Несмотря на облегчение, которое мне принесла медитация, время от времени звуки вызывали страх, и я продолжал метаться между пребыванием в спокойствии, неуправляемой обезьяной в своем уме и наблюдением за звуком. «Прямо здесь, – думал я, – прямо сейчас возникает страдание. Между звуком и проекцией, между явлениями – такими, какие они есть, и такими, какими мы хотим их видеть. Вот чему учил Будда: ошибочно воспринимать реальность – значит страдать».
Но почему так сложно воспринимать ее правильно? В этом поезде я переживал страх более остро, чем когда-либо. И я чувствовал, как мое тело сжимается и не хочет быть там, где оно находилось. Я знаю, что страх отпустить знакомые идентичности – свое эго – это страх свободы. И я пытаюсь…

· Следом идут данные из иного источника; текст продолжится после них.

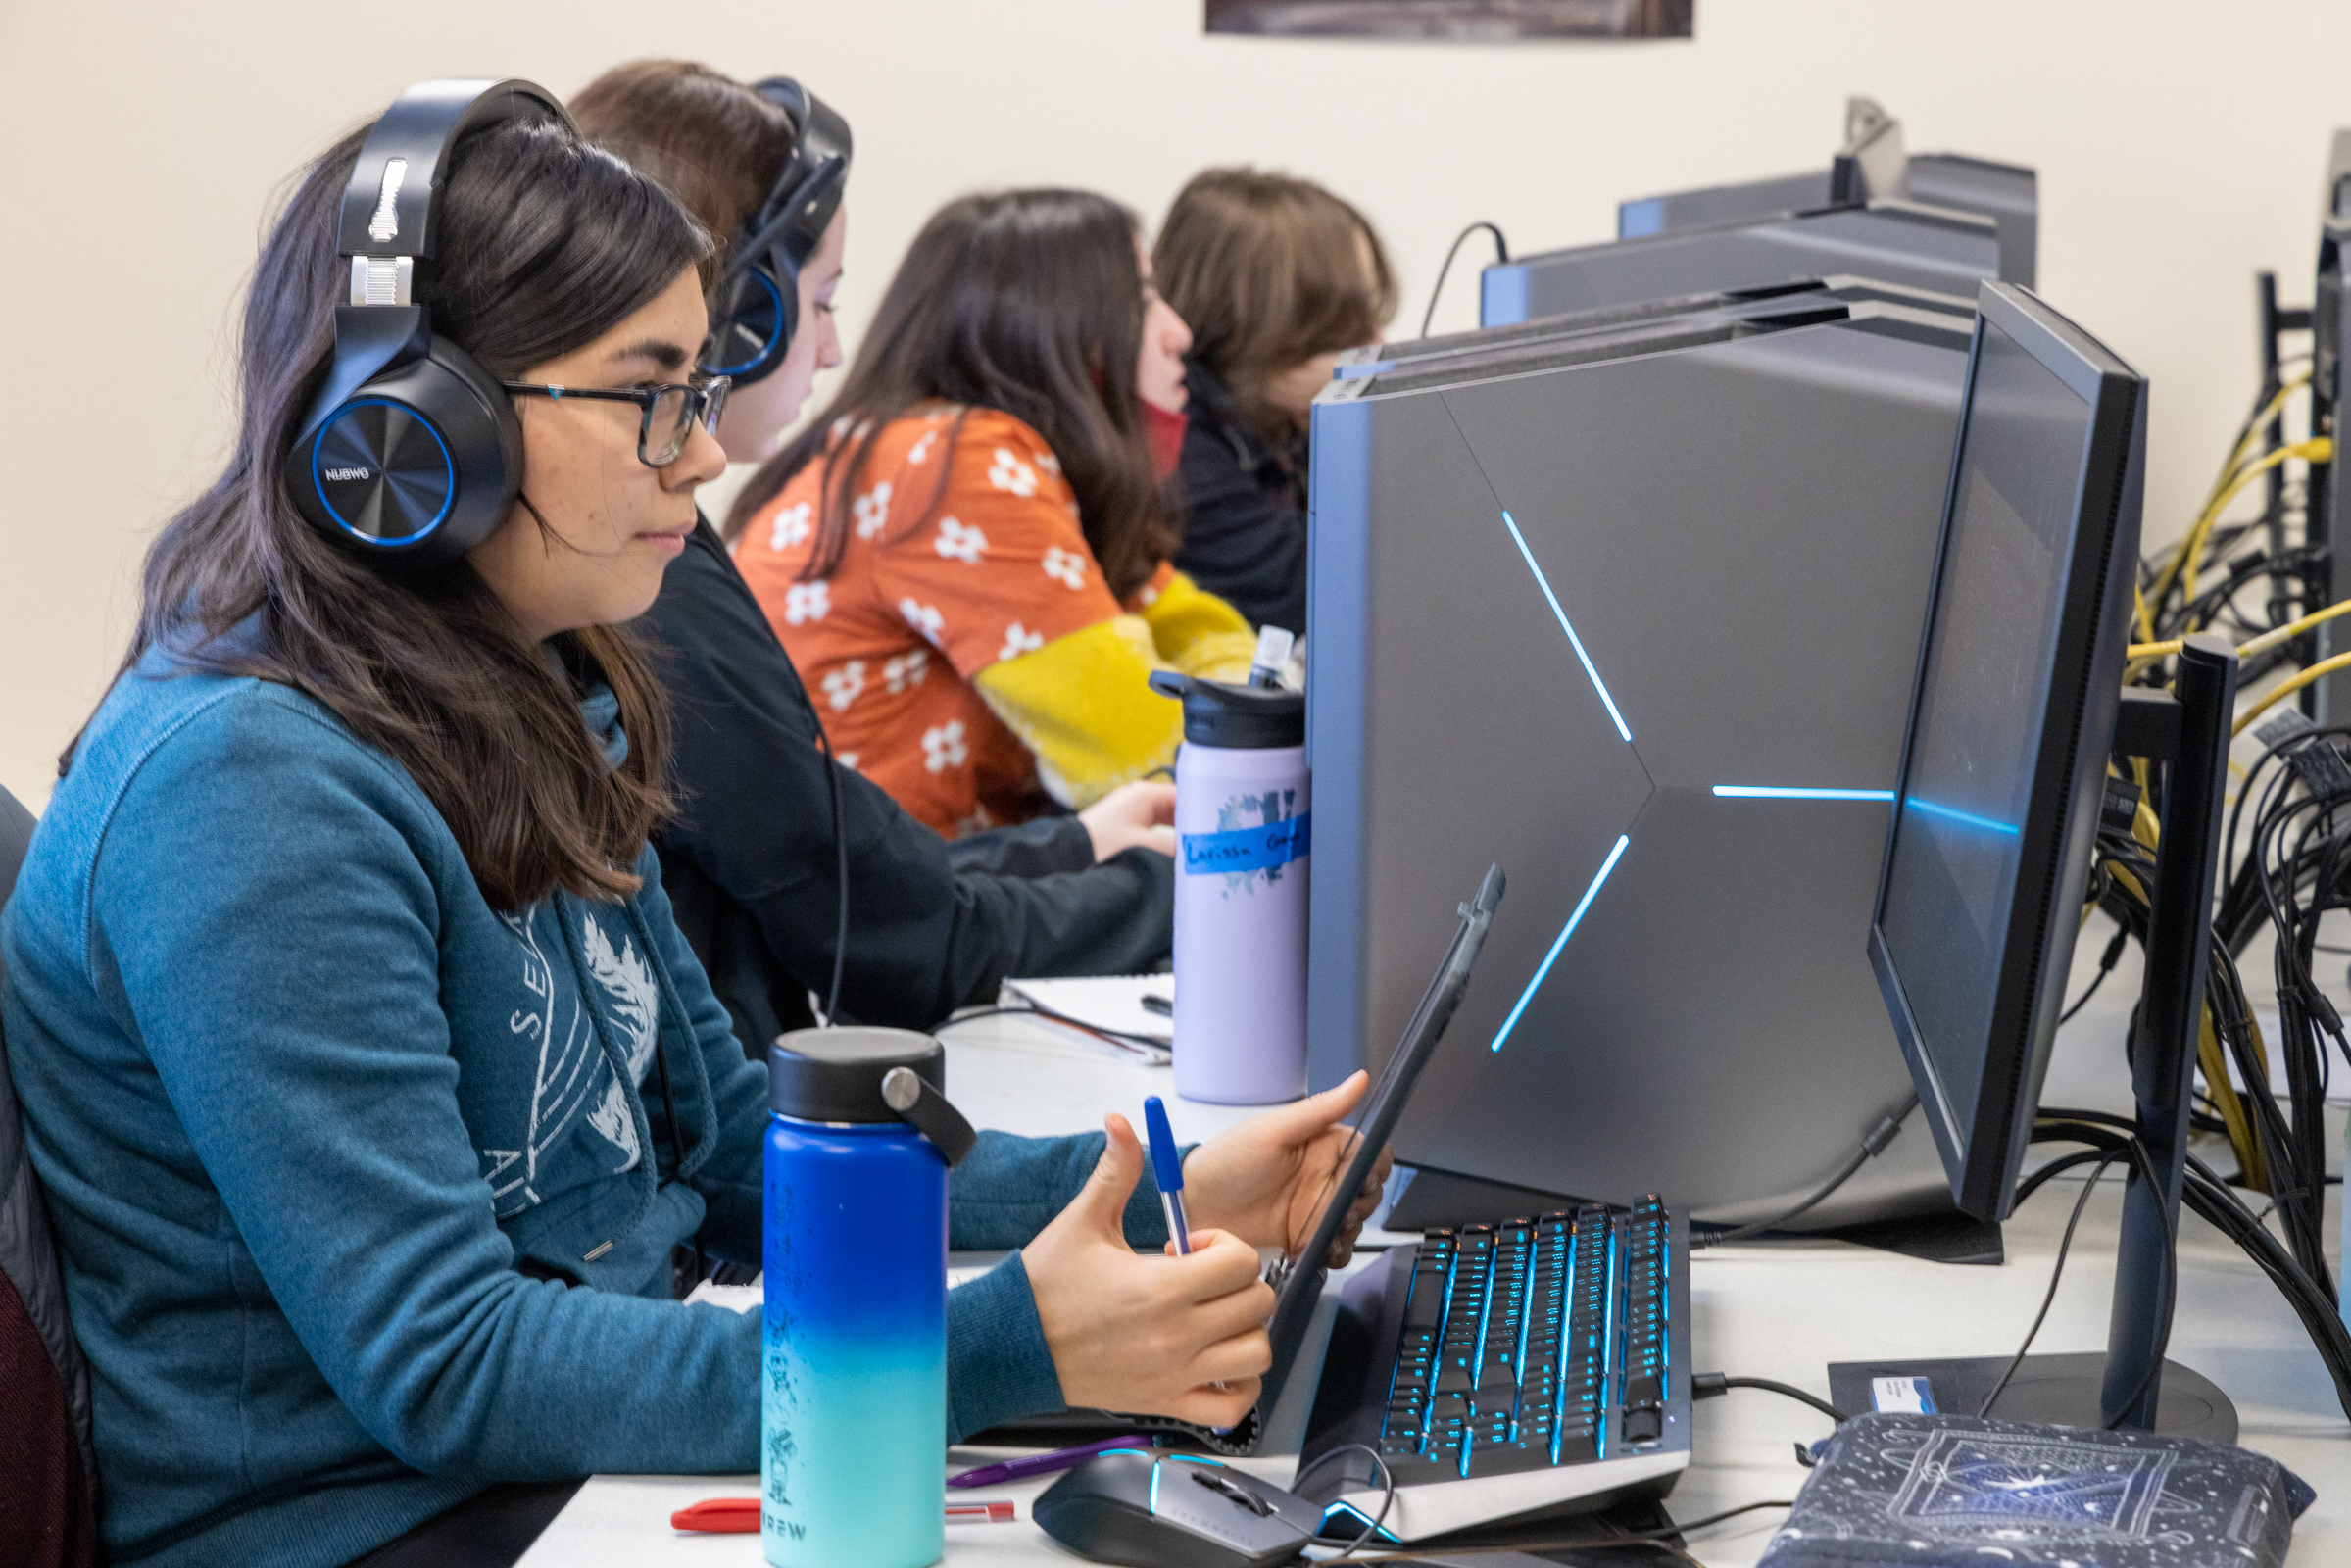 A female college students wearing headphones takes notes while watching a video on at a computer. In the background, three other students work at computers.

Мой отец часто говорил мне: «Если ты не постигнешь истину о непостоянстве, то не сможешь достичь подлинной реализации. Ты должен позволить умереть иллюзии эго. Только тогда возникнет мудрость. Только со смертью эго мы познаем свободу». В конце концов, именно поэтому я и оказался в путешествии. Но я не ожидал такой новизны во всем и сразу.

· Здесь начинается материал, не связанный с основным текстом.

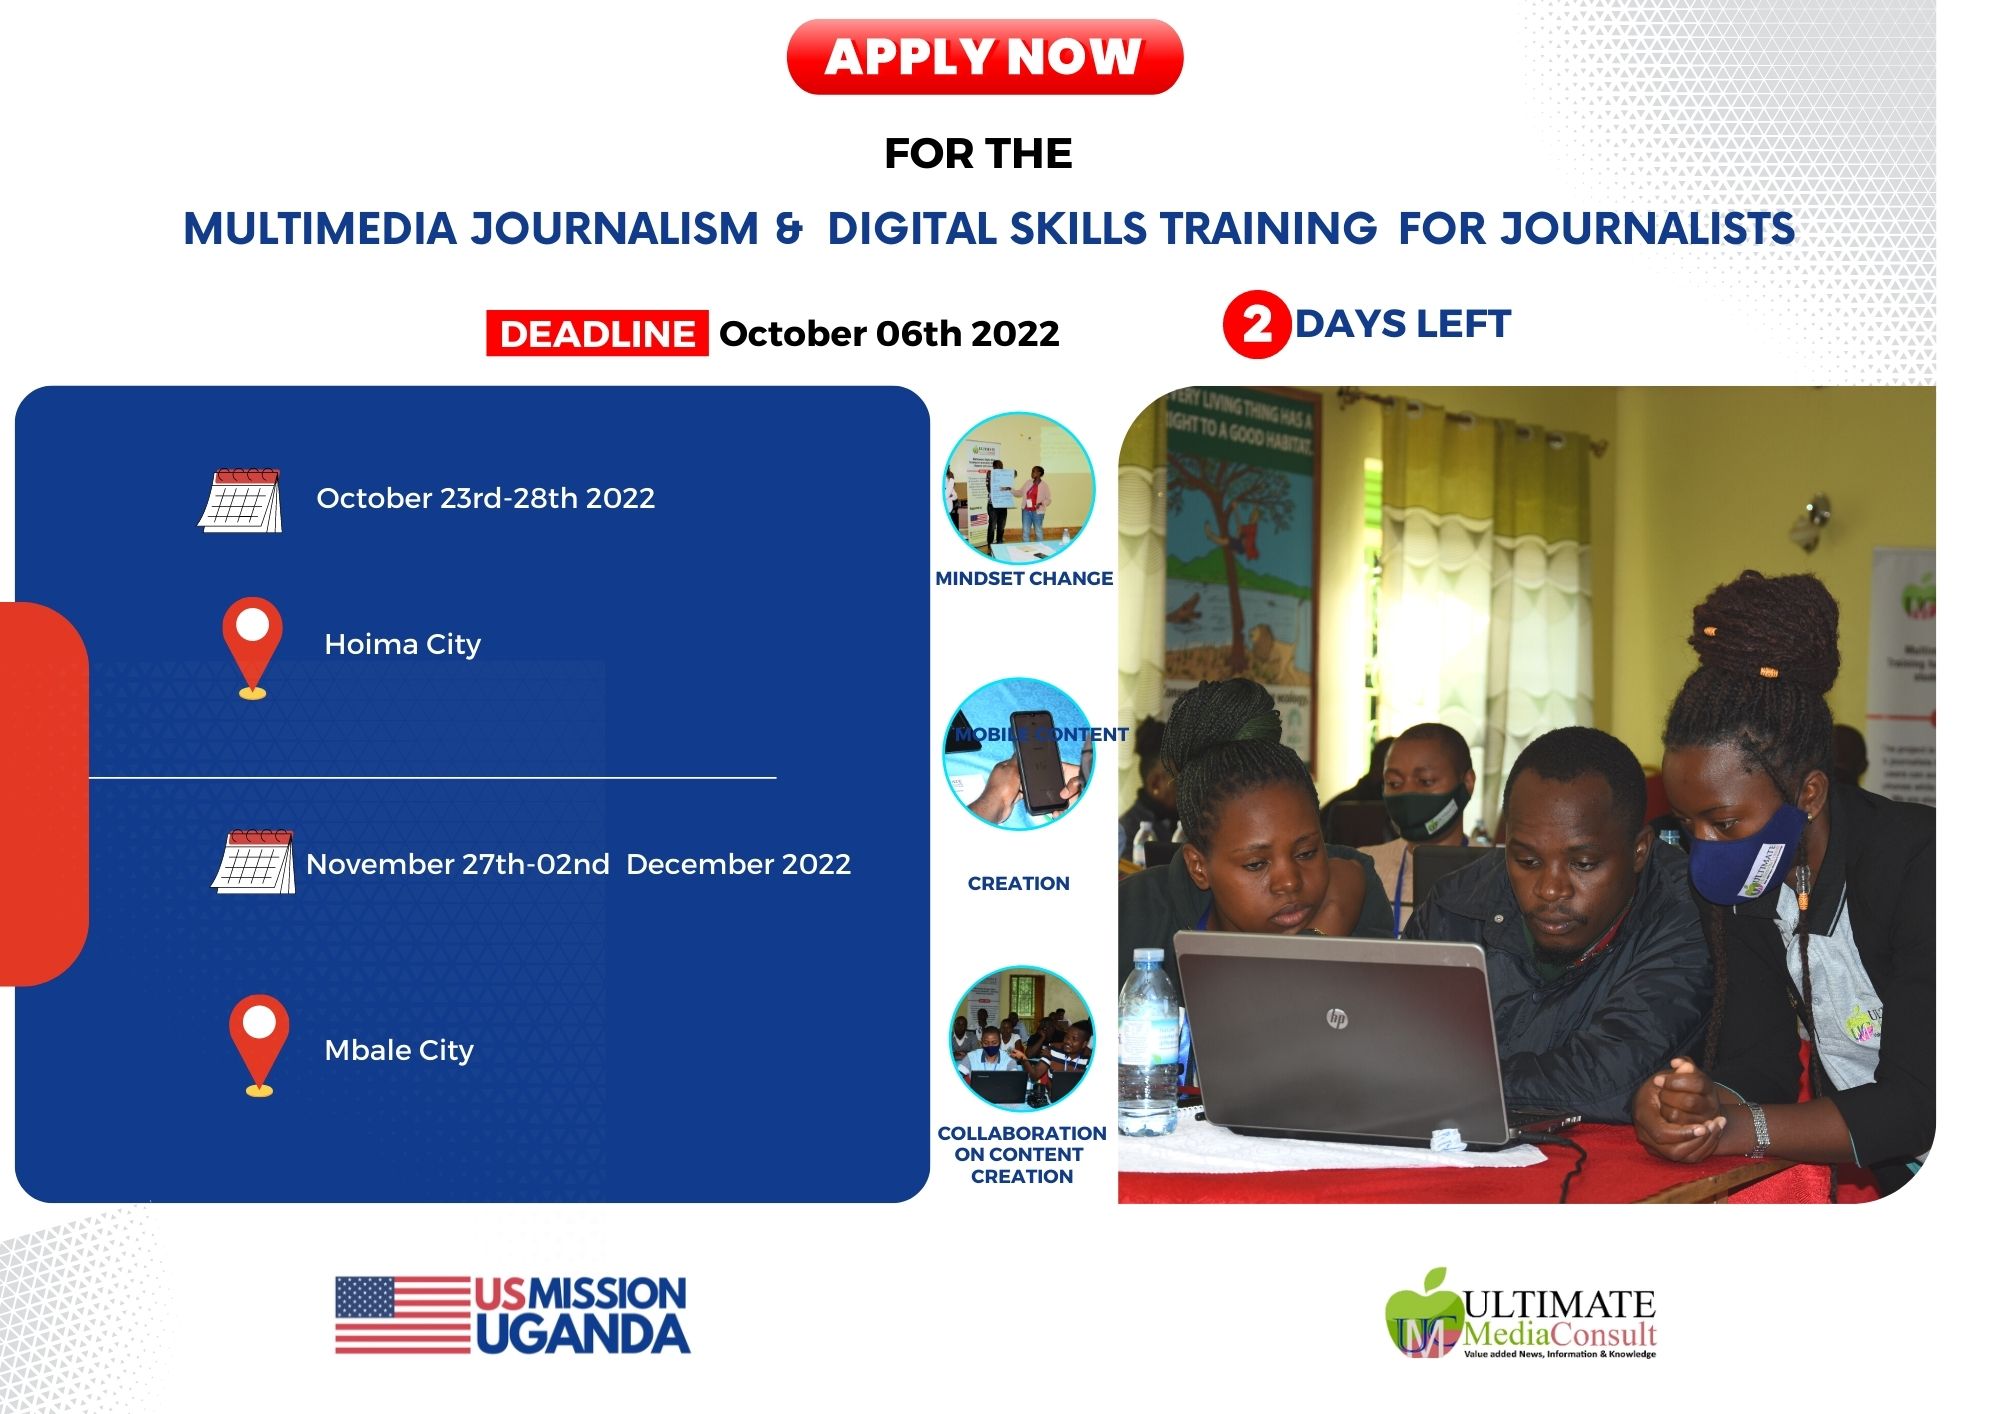 Applications Invited For Journalists To Be Trained In Multimedia Journalism and Digital Skills. 2

Термин «эго» часто используется для описания выдуманного внешнего слоя «я», сосредоточенного на себе. Мы часто говорим о необходимости отпустить эго, растворить его или выйти за его пределы. Я сам думал о своем намерении подбросить дров в огонь как о миссии по уничтожению эго. Однако общепринятое употребление этого слова в буддийских учениях и не только заставляет нас воспринимать эго как некую сущность, у которой есть форма и размер и которую можно удалить, как зуб. Но это не так. Эго – это не объект, а, скорее, процесс, который разворачивается из-за нашей склонности к цеплянию и попыткам ухватиться за отождествления и застывшие идеи. Под этим термином подразумевается постоянно меняющееся восприятие, и хотя эго играет главную роль в сюжете нашей истории, это не вещь. Поэтому оно не может умереть, его нельзя убить или каким-то образом выйти за его пределы. Эта склонность к цеплянию возникает, когда мы ошибочно принимаем непрерывный поток нашего тела и ума за основательное, неизменное «я». Не нужно стараться избавиться от эго, этого нездорового чувства, хотя бы потому, что его вообще не существует. Нет никакого эго, которое необходимо было бы убить. То, что умирает, – это вера в вечное, неизменное «я». В некоторых случаях термин «эго» может быть полезен, но главное – не начать бороться с тем, чего не существует. Ирония в том, что, вступая в бой с эго, мы лишь укрепляем иллюзию «я», и наши усилия становятся непродуктивными.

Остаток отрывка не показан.